Your output must be the lines below from the line containing "Winterlandschaft Scheidegg" to the line containing "Berlin Potsdam Karte.Potsdam", both lines included, reproduced exactly and without pictures.

* [RECORDS FOR PROCESSING]:
*-*-*

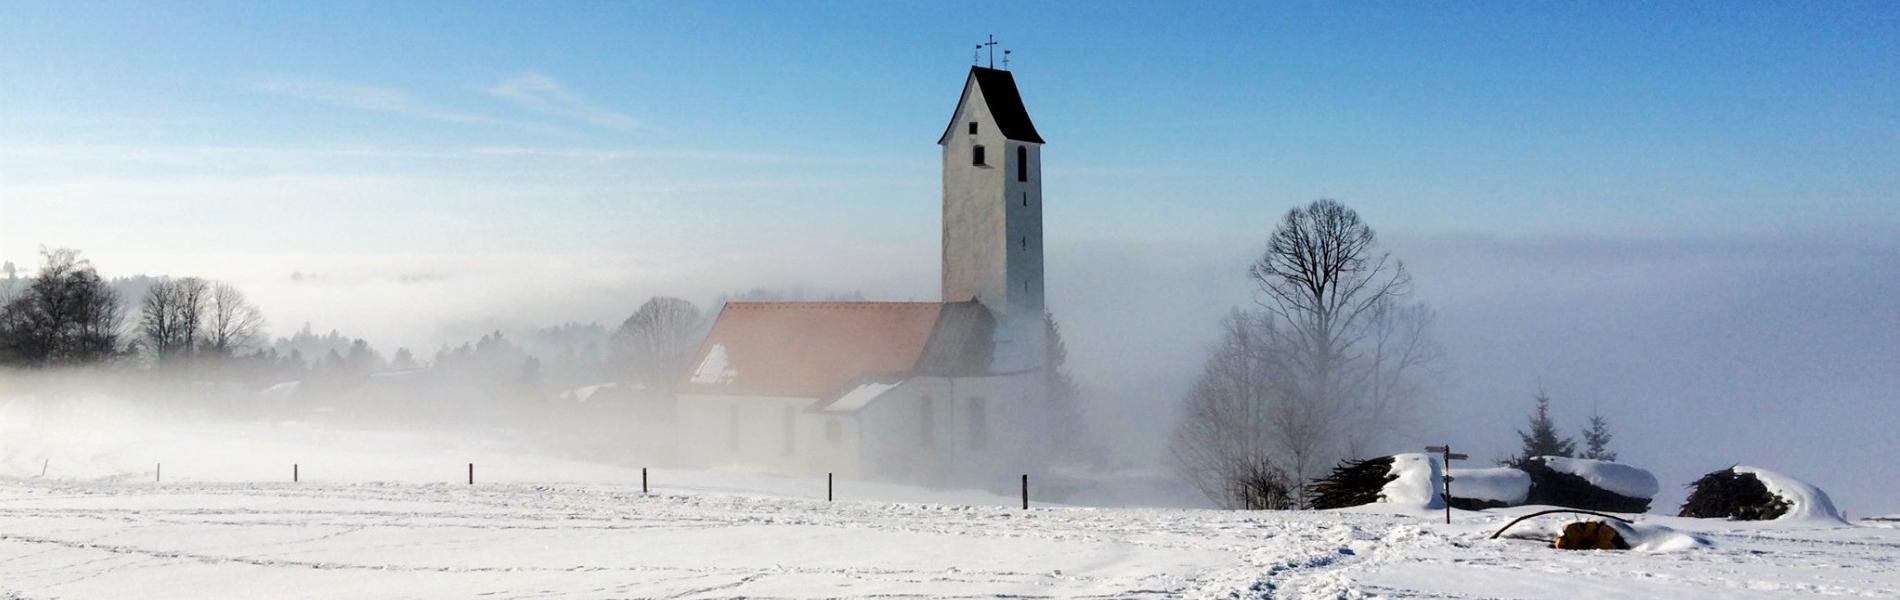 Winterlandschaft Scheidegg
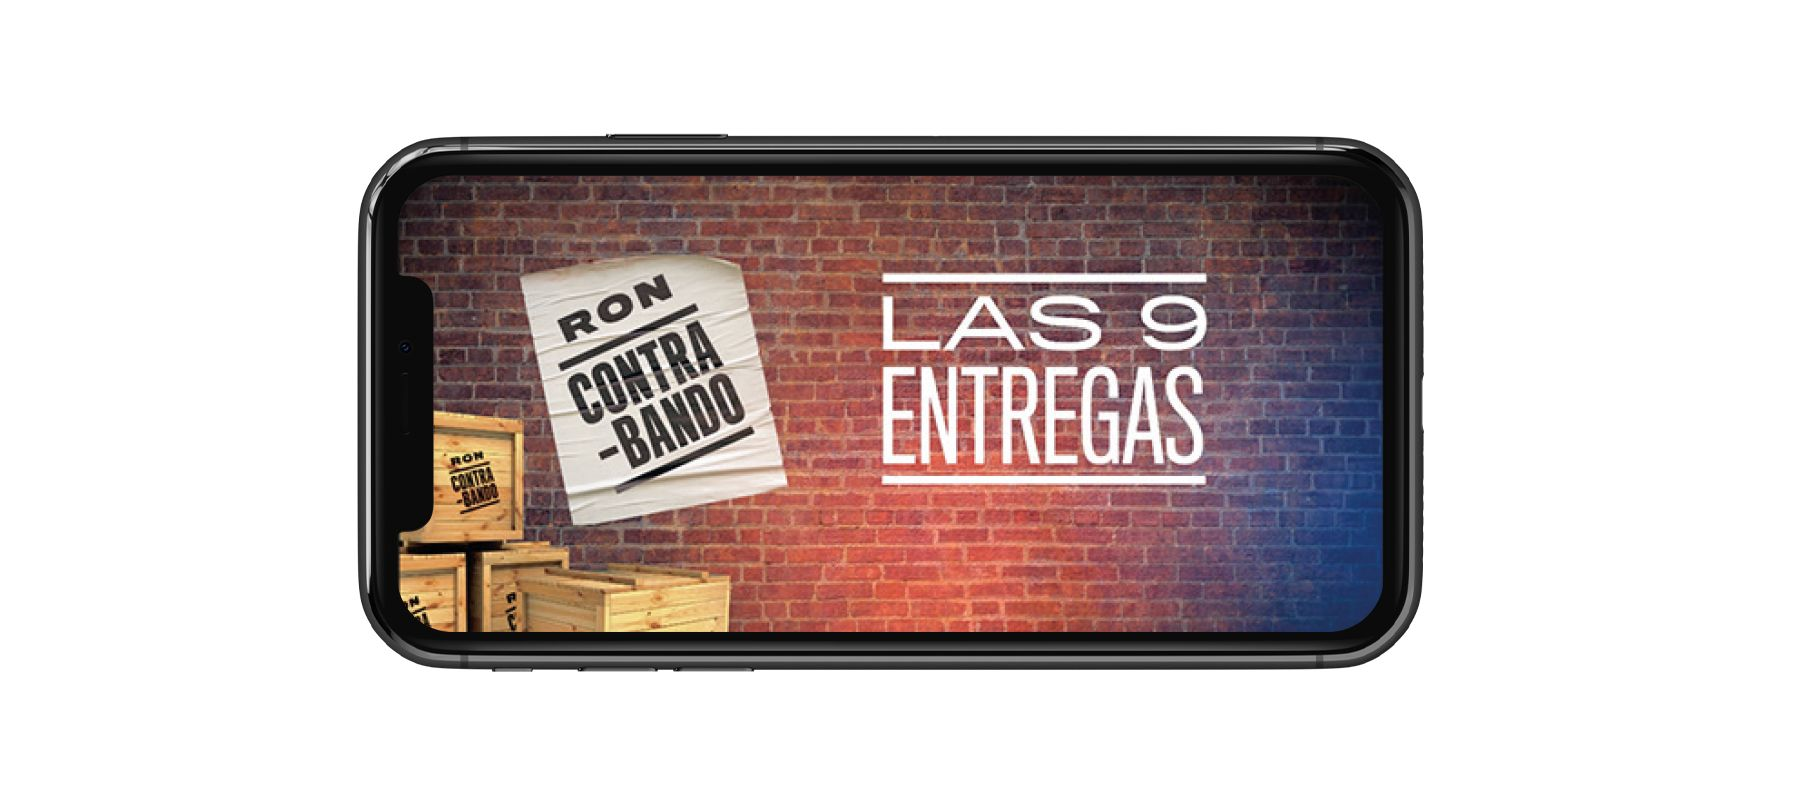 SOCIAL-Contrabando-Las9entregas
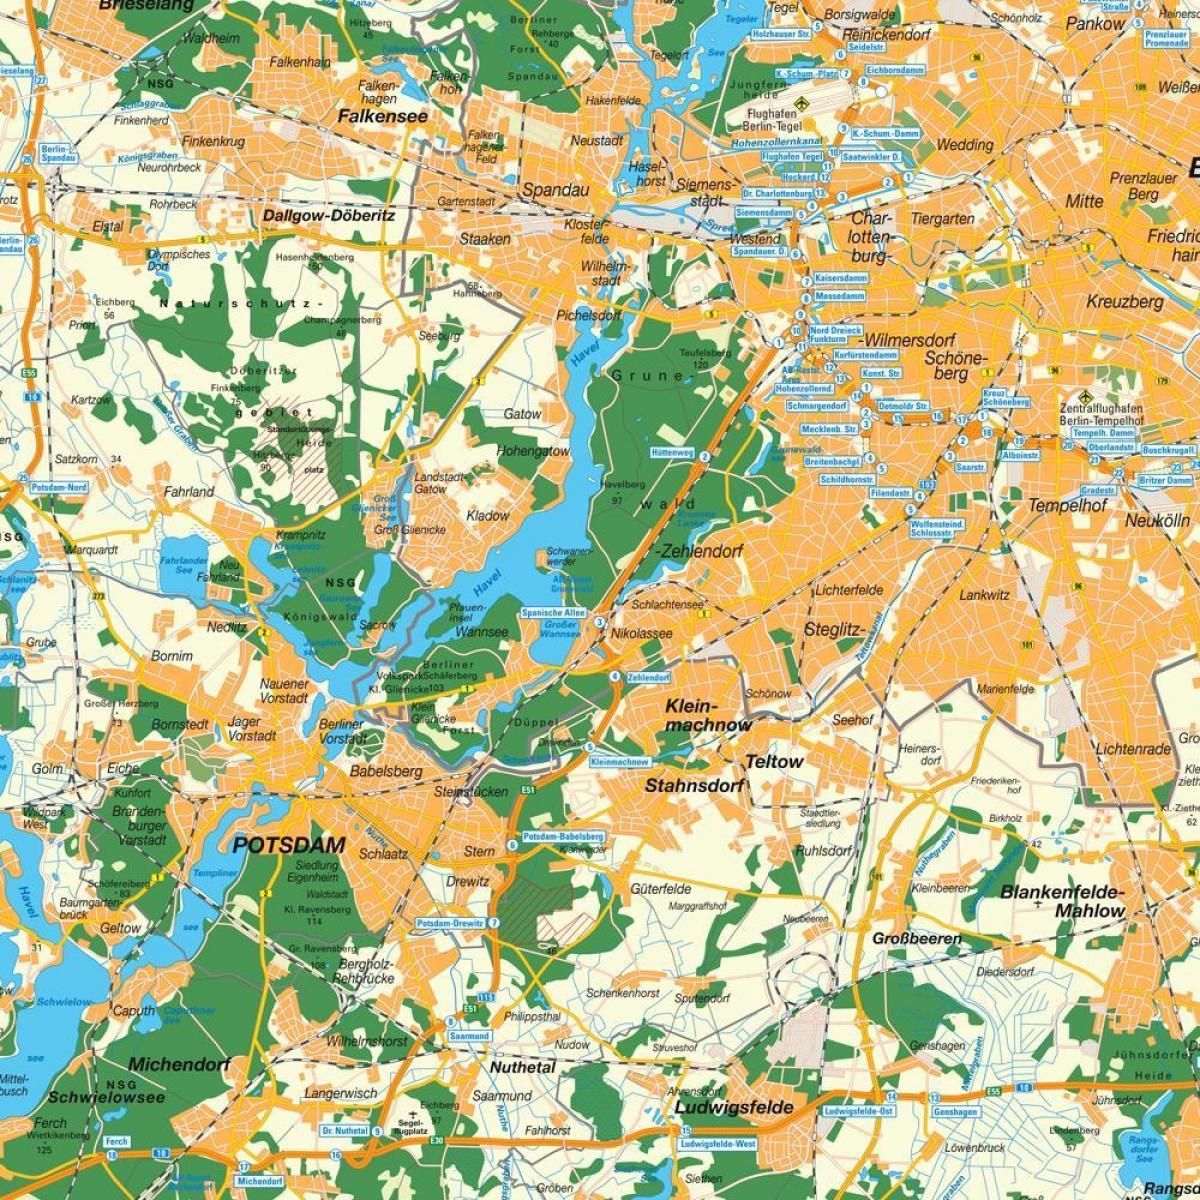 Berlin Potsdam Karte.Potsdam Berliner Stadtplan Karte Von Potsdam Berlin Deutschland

*-*-*

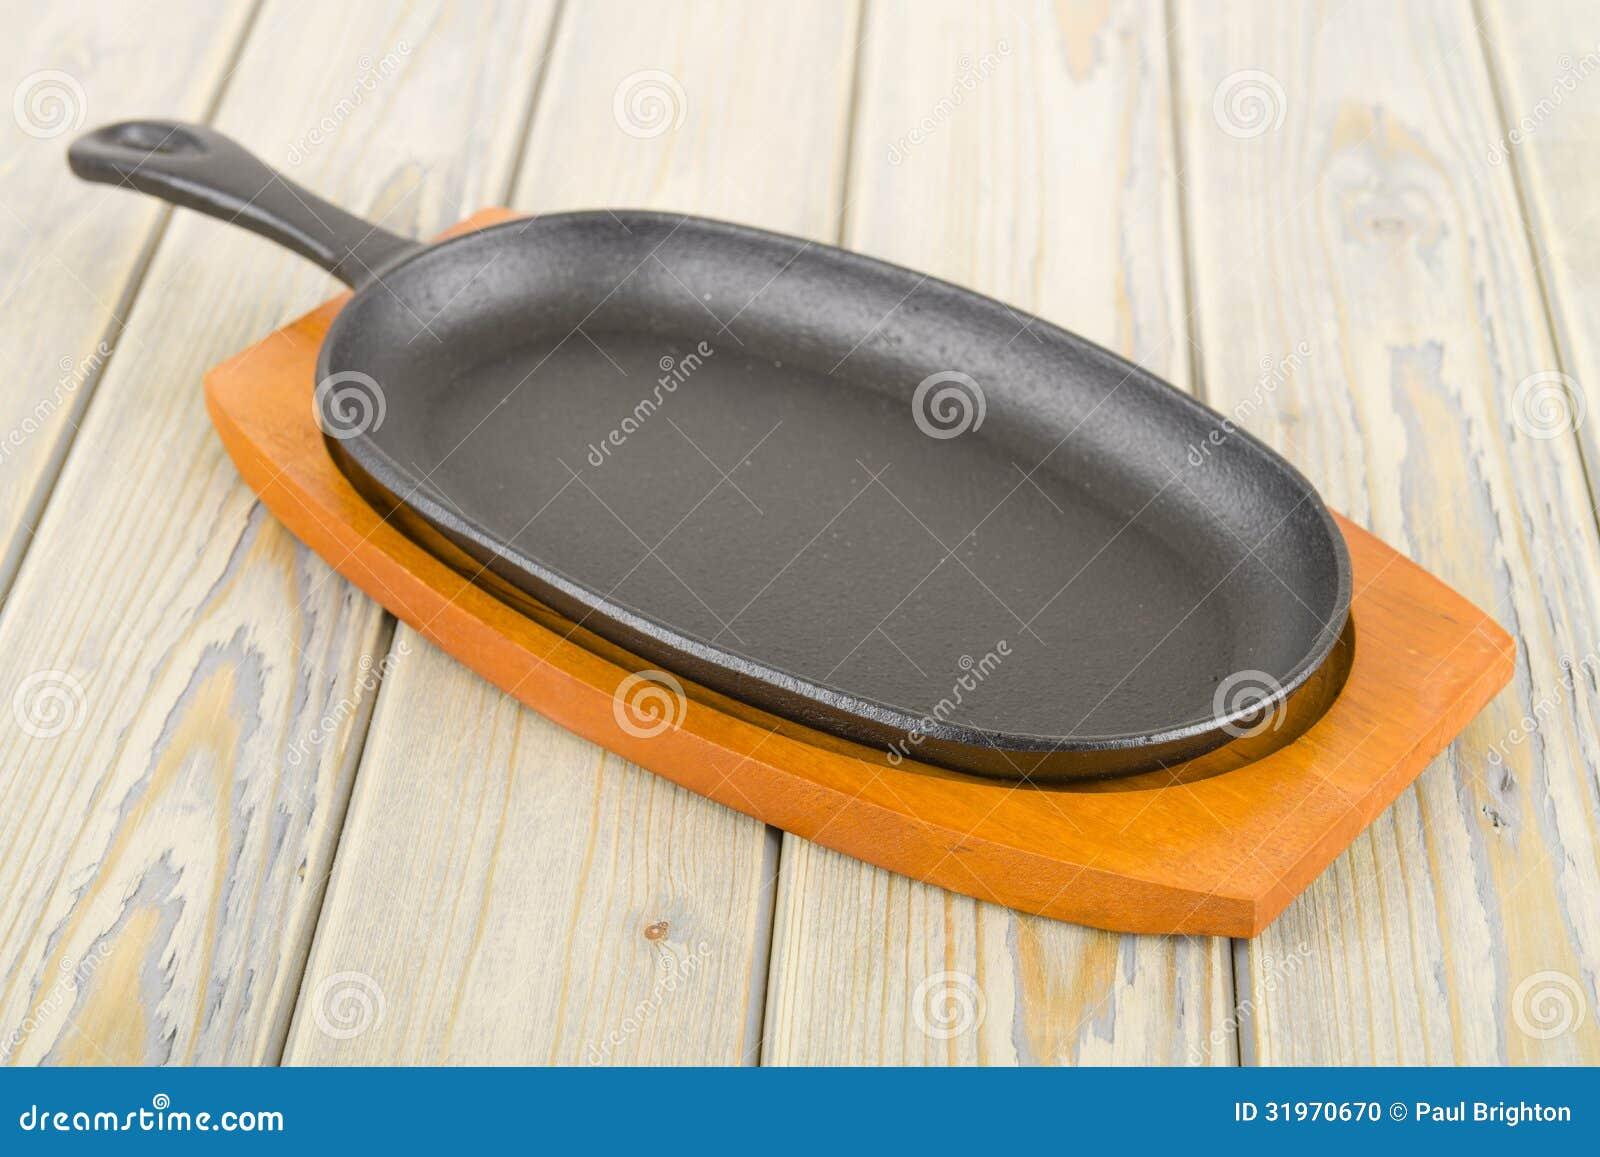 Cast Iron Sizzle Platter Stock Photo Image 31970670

*-*-*

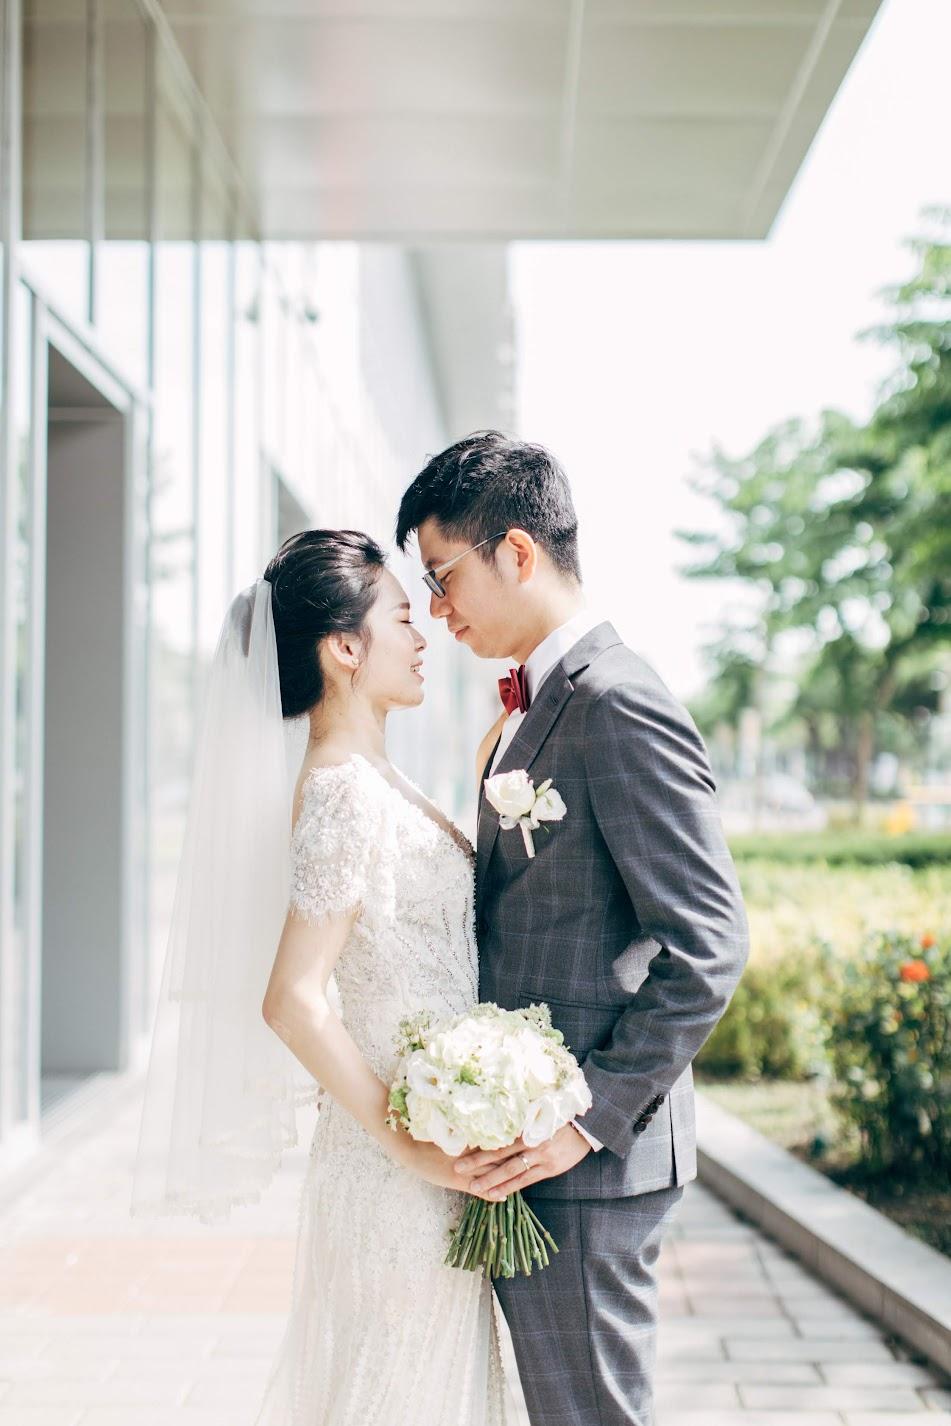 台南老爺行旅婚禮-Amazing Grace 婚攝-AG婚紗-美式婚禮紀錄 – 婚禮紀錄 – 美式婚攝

*-*-*

* [WRITTEN ANSWER]:
 Winterlandschaft Scheidegg
 SOCIAL-Contrabando-Las9entregas
 Berlin Potsdam Karte.Potsdam Berliner Stadtplan Karte Von Potsdam Berlin Deutschland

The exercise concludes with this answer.